Another line that caught my eye is “Standards-based markets can only form when there are multiple competing producers right from the start”. This is also true when there may have been competing producers at the start but for whatever reason there are fewer and fewer over time. Clear examples of this at the present are web browsers, where there are essentially three competing browser engines (Blink, WebKit, and Gecko), but Mozilla is so reliant on funding from Google/Alphabet that arguably there are only two independently funded endeavours. Web rendering engines are so complicated that there is no realistic opportunity for competitors, and the computing technology giants control the standards, so that’s not likely to change.

Rich Harris sounds the alarm on where this control has led with his post Stay Alert:

A short while ago, Chrome broke the web by disabling alert(), confirm() and prompt() dialogs from cross-origin iframes. The justification was that “the current UX is confusing, and has previously led to spoofs where sites pretend the message comes from Chrome or a different website”; removing the feature was deemed preferable to fixing the UX.

One may or may not agree with Harris’ stance on alert()but that’s not really the point. Chrome, and more importantly Blink (which also drives Microsoft’s Edge browser), has such a large market share that effectively what they decide determines where web technology goes. Even if you think they’re right this time, it’s extremely dangerous.

We also see this in library “science”, at least in the English speaking world.
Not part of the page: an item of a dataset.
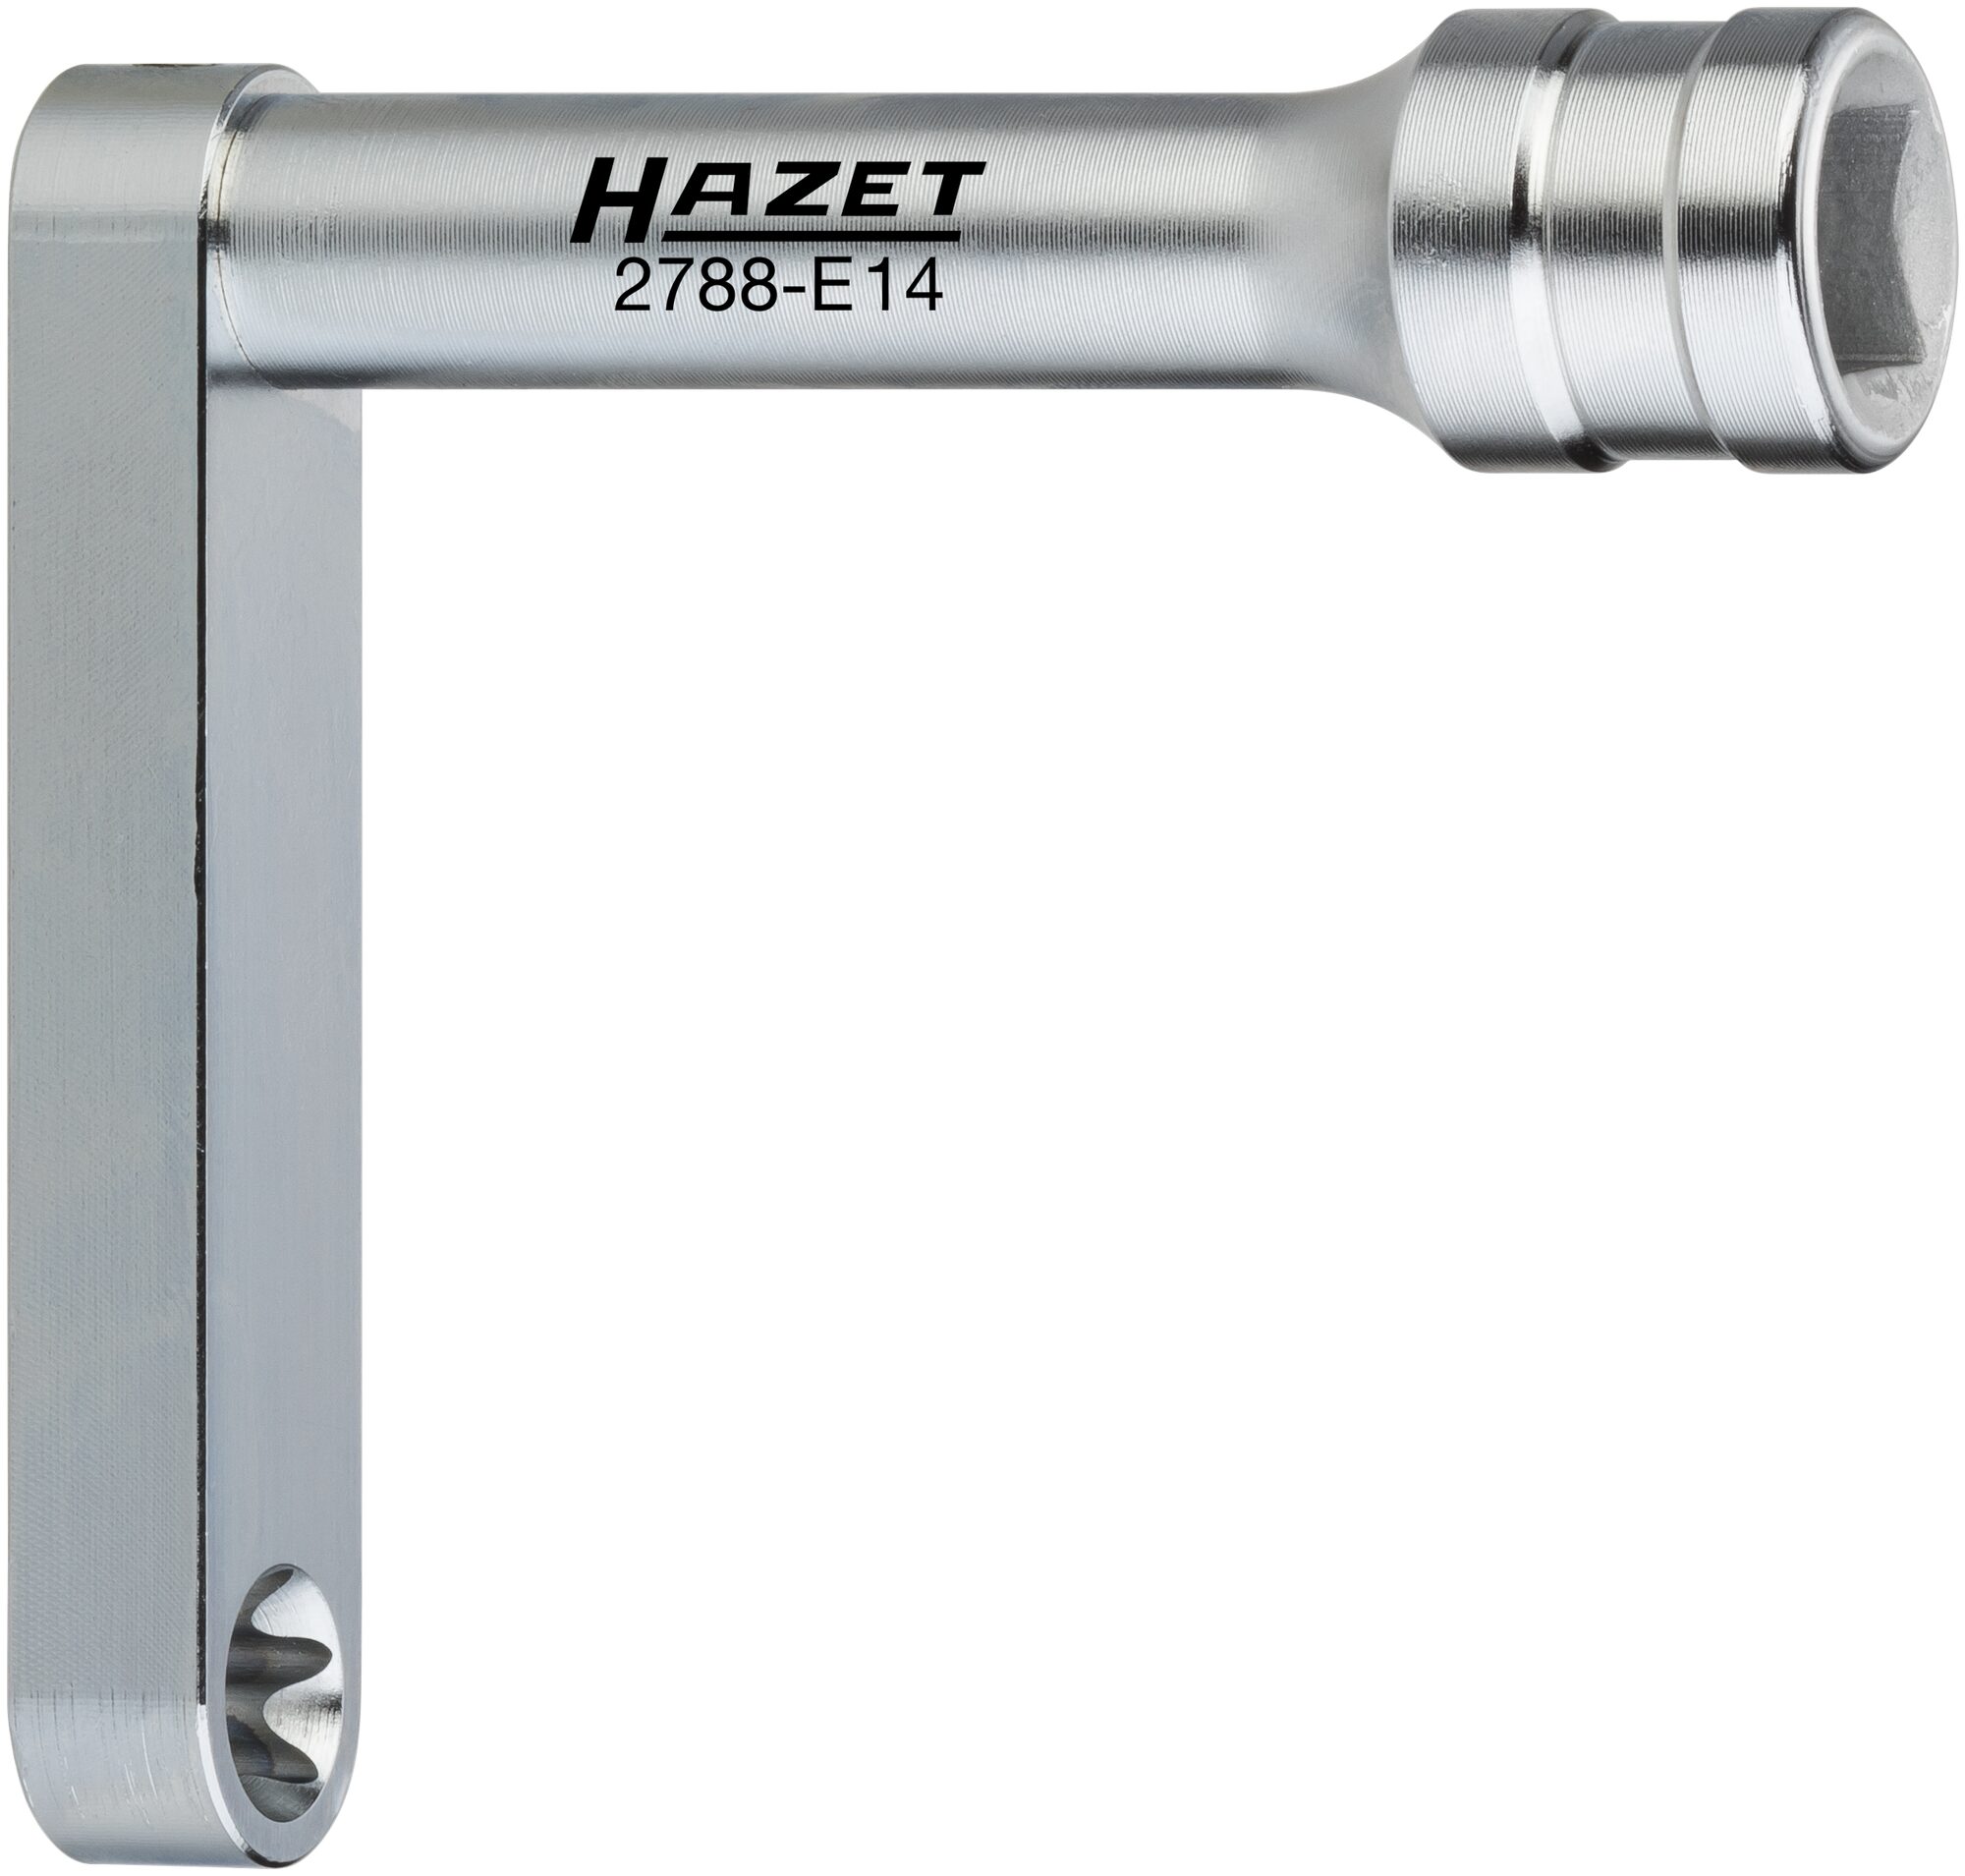 HAZET Nockenwellenräder-Verschraubung Spezialwerkzeug 2788-E14 · Vierkant hohl 12,5 mm (1/2 Zoll) · Außen TORX® Profil · E14

You’ve read me complaining about this before but why are the extremely weird and particular needs of the United States Congress used as the basis for both classification and controlled vocabularies in libraries across the United States, let alone those in the UK, Australia, and many others? Standards monopolisation.

Graham Lee provides an interesting take on how software develops and who gets left behind and why, in Majoring in versions. He also has some great and funny lines:

“Scripting language” does not actually mean anything. It is said by people who want to imply that a programming language is less worthy somehow because it is easier to use.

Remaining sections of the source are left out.